À l’énoncé du thème, on pouvait s’attendre au pire: un élève de seize ans, un professeur fasciné par cet élève, un adulte et un adolescent se manipulant l’un l’autre. Amitié amoureuse, voire particulière ? C’est un sujet qui a été traité jadis plusieurs fois, et par de grands écrivains: Stefan Zweig (La Confusion des sentiments), Giorgio Bassani (Les Lunettes d’or). Mais «jadis», justement, il y a plus de cinquante ans, à l’époque où le glissement de la relation pédagogique à la relation érotique était un sujet interdit. Aujourd’hui, il ne soulèverait plus guère de scandale, et, pour ranimer l’intérêt, il faudrait le pousser jusqu’aux limites du hard: voyeurisme et vulgarité au programme. Heureusement, le film de François Ozon est aux antipodes de ce glauque-là. Le professeur (Fabrice Luchini, meilleur que jamais) et l’élève (Ernst Umhauer, vraiment seize ans, très beau, excellent acteur, entre candeur et perversité) sont bien fascinés l’un par l’autre, mais ce qui les intéresse tous les deux, c’est un tiers personnage: la littérature.
Eh oui ! Dans la maison est un film sur la littérature, traité avec originalité et talent.
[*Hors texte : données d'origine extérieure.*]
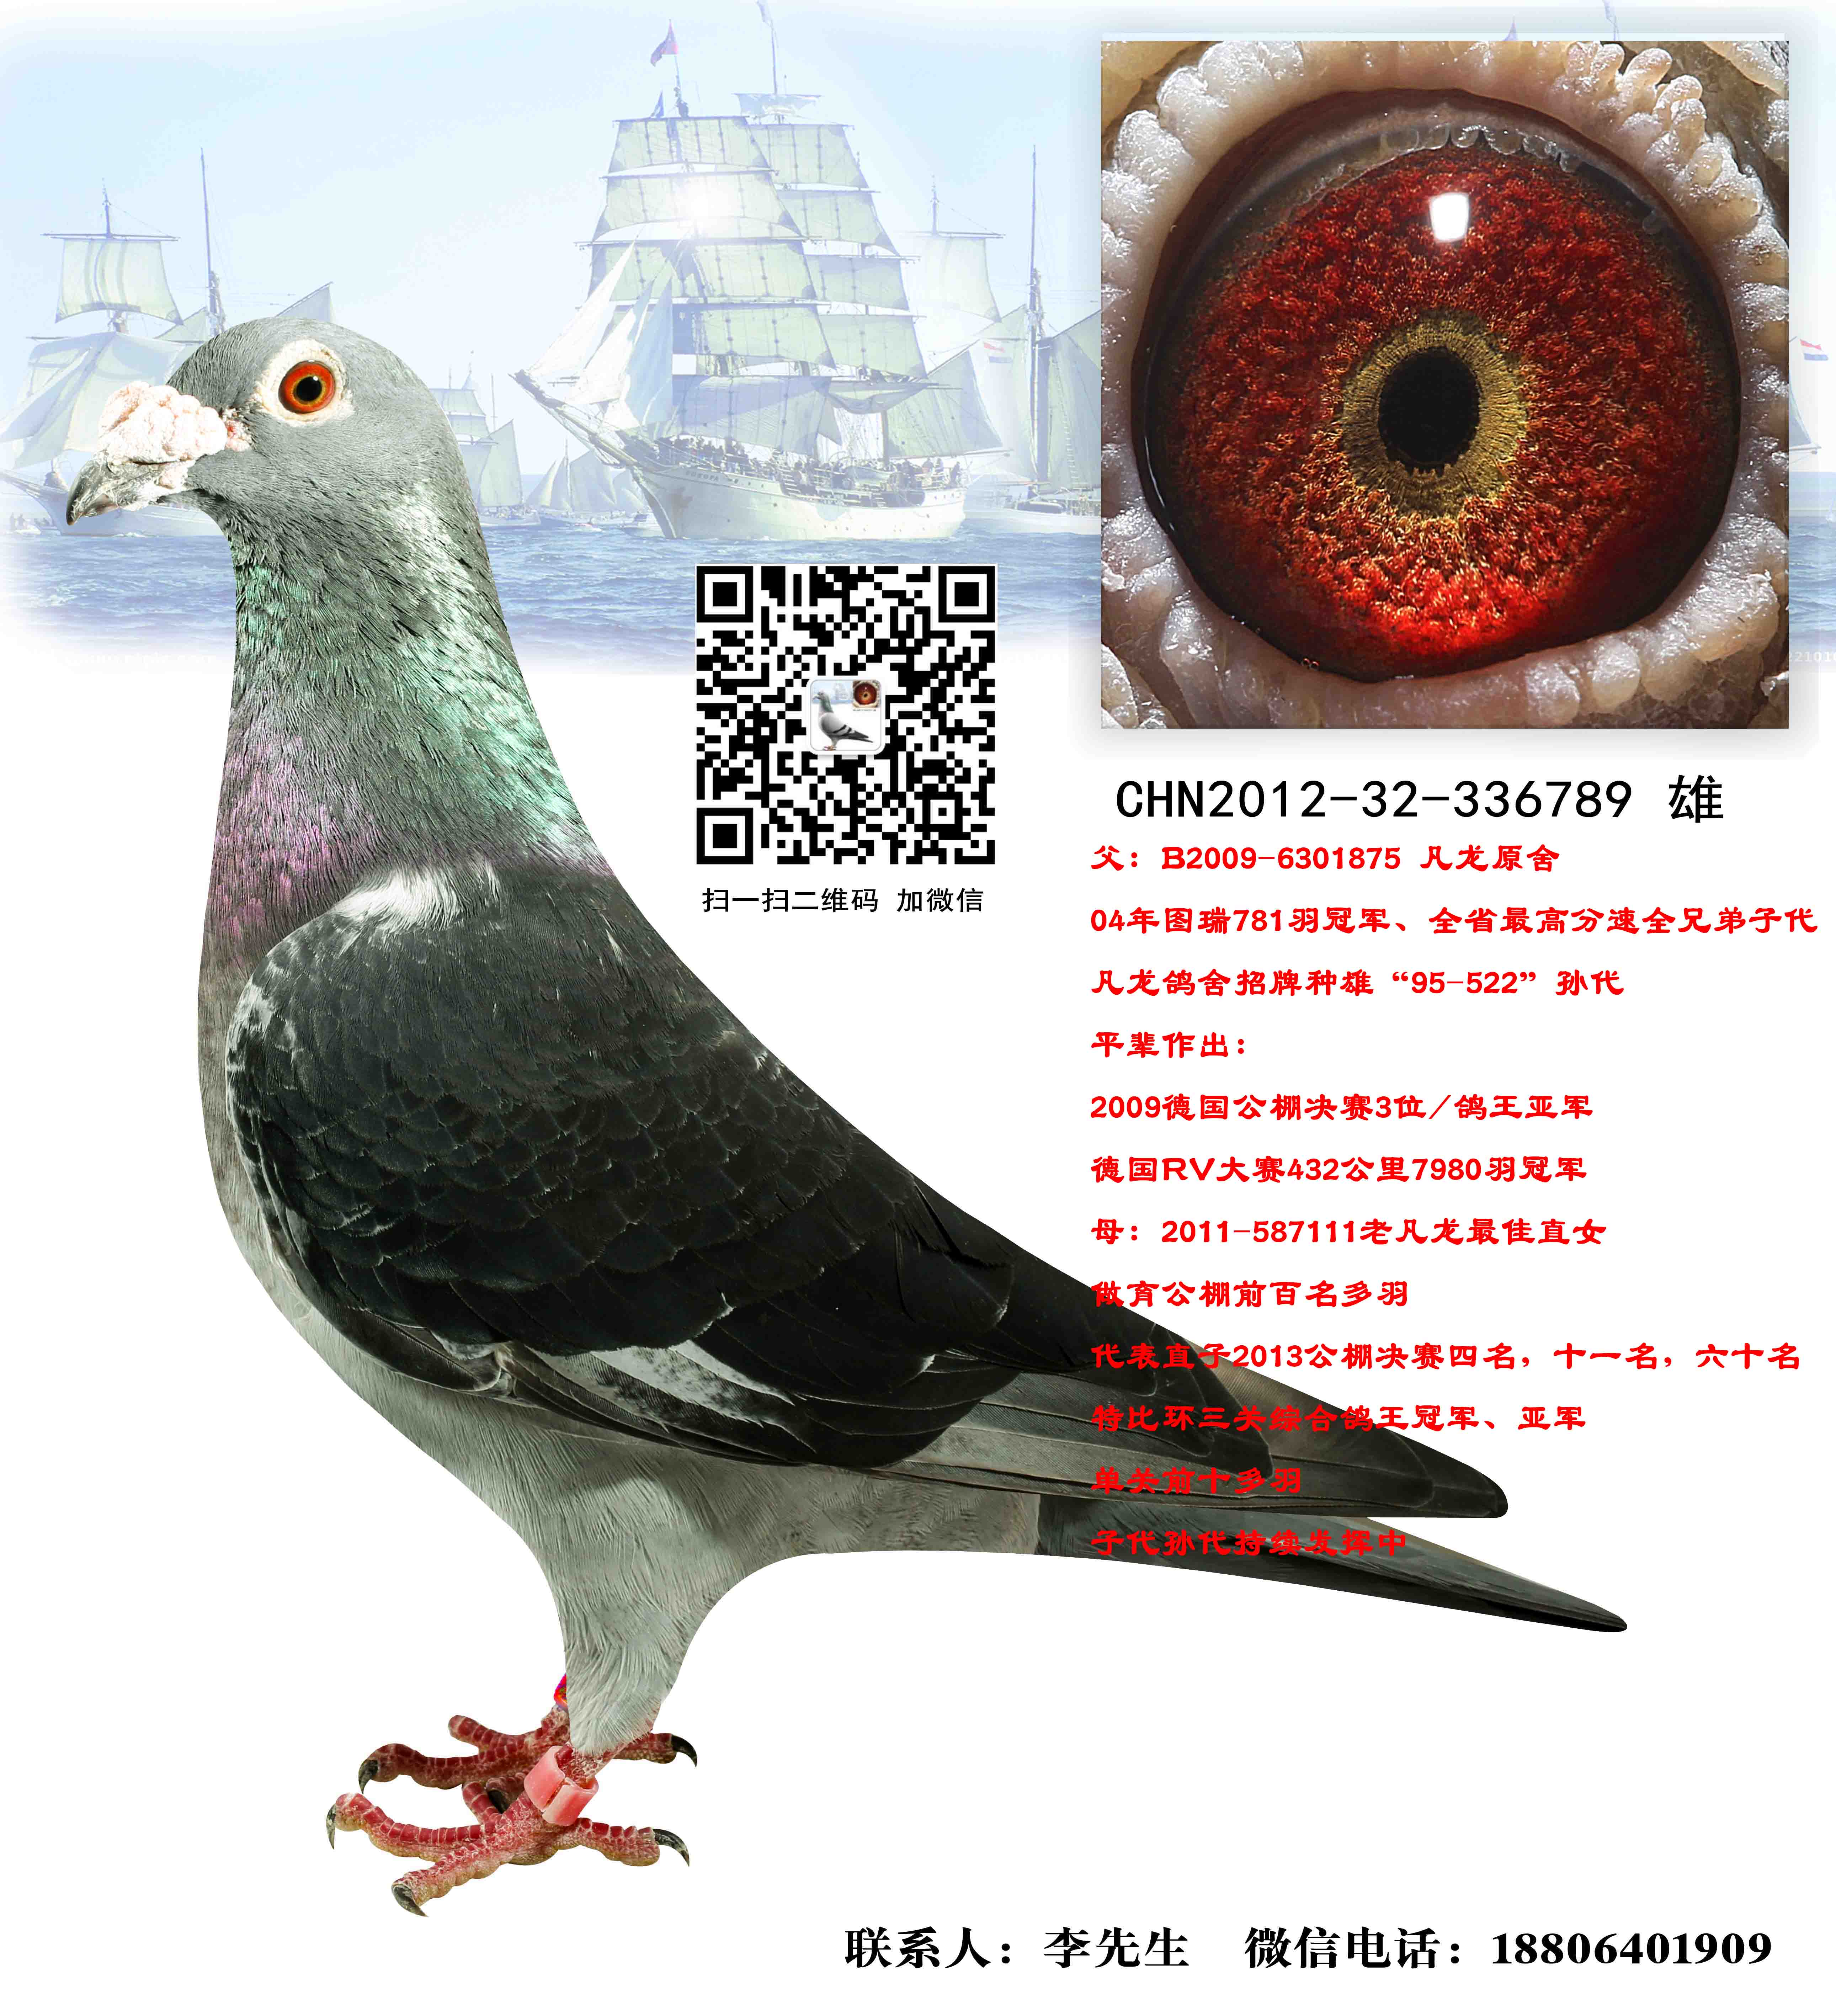 凡龙_中国远洋鸽业-中信网爱鸽商城

Le professeur a remarqué que cet élève est le seul, dans sa classe de seconde, dont les copies ne soient pas de minables griffonnages. Les autres n’ont à raconter, en deux lignes, que pizza et télé. Claude sait écrire, développer, imaginer. M. Germain l’encourage. Mais, pour écrire ce qui va devenir une sorte de roman, Claude, enfant perdu, sans famille (mère partie, père paralytique) a besoin de s’introduire «dans la maison» d’un de ses camarades, de s’incruster dans la coquille qu’il ne trouve pas chez lui, de vivre de la vie des autres.
Il va, aidé par M. Germain, décrire ce qui se passe dans cette famille de substitut (famille de la classe moyenne, père brave type sportif avec passion pour le basket, mère qui s’ennuie et trompe le temps en lisant des revues de décoration, fils nigaud embasquetté); observer ce qu’il y voit, broder sur ce qu’il y observe; rêver, peut-être, à une idylle avec la femme de la classe moyenne; en sorte que, peu à peu, on ne sait plus ce qui est réel et ce qui est imaginaire. Les fantasmes de l’adolescent (c’est le côté Blé en herbe) se mêlent aux notations exactes; «choses vues» sur un ton caustique et songe d’une vie meilleure s’embrouillent. Mais n’en disons pas plus. Le film est une illustration magnifique des pouvoirs de l’écriture: dès qu’on met en littérature des êtres, une famille, une maison, une situation, la littérature transforme ces êtres, cette famille, cette maison, cette situation. La bête humaine est agie, à son insu, par celui qui écrit sur elle; et celui qui écrit est également agi, à son insu, par ce que lui-même écrit. Cette interaction est suivie, épiée, traquée, détaillée par le cinéaste avec une maîtrise extraordinaire. Écrire n’est pas innocent: voilà un thème bien plus excitant que les trémolos de la chair.
Beaucoup de tact, beaucoup d’humour chez Ozon. Les lecteurs d’Artpassions s’amuseront du regard qu’il porte sur l’art «contemporain». Mme Germain, la femme du professeur, dirige une galerie où elle expose des tableaux d’une prétention égale à la nullité, à pleurer de rire: vagues élucubrations «aléatoires» présentées comme des invitations à méditer, sous l’œil ahuri de deux jumelles propriétaires de la galerie. Comme personne n’achète, elle se résout à lancer des sacs à main faits avec de vieux pneus. C’est raconté d’une main légère, en évitant la caricature.
Il y a désormais, de film en film, un style Ozon, unique dans le cinéma français, marécage de comédies ineptes et de clichés insipides; un style qui dénonce sans charger, qui se moque sans appuyer, qui déroute sans dévier. Gide reprochait à Martin du Gard de peindre ses personnages de face: il faut, lui conseillait l’auteur des Faux-Monnayeurs, ne les présenter que de biais. Tout est vu de biais dans le film d’Ozon; tout reste donc ambigu et séduisant.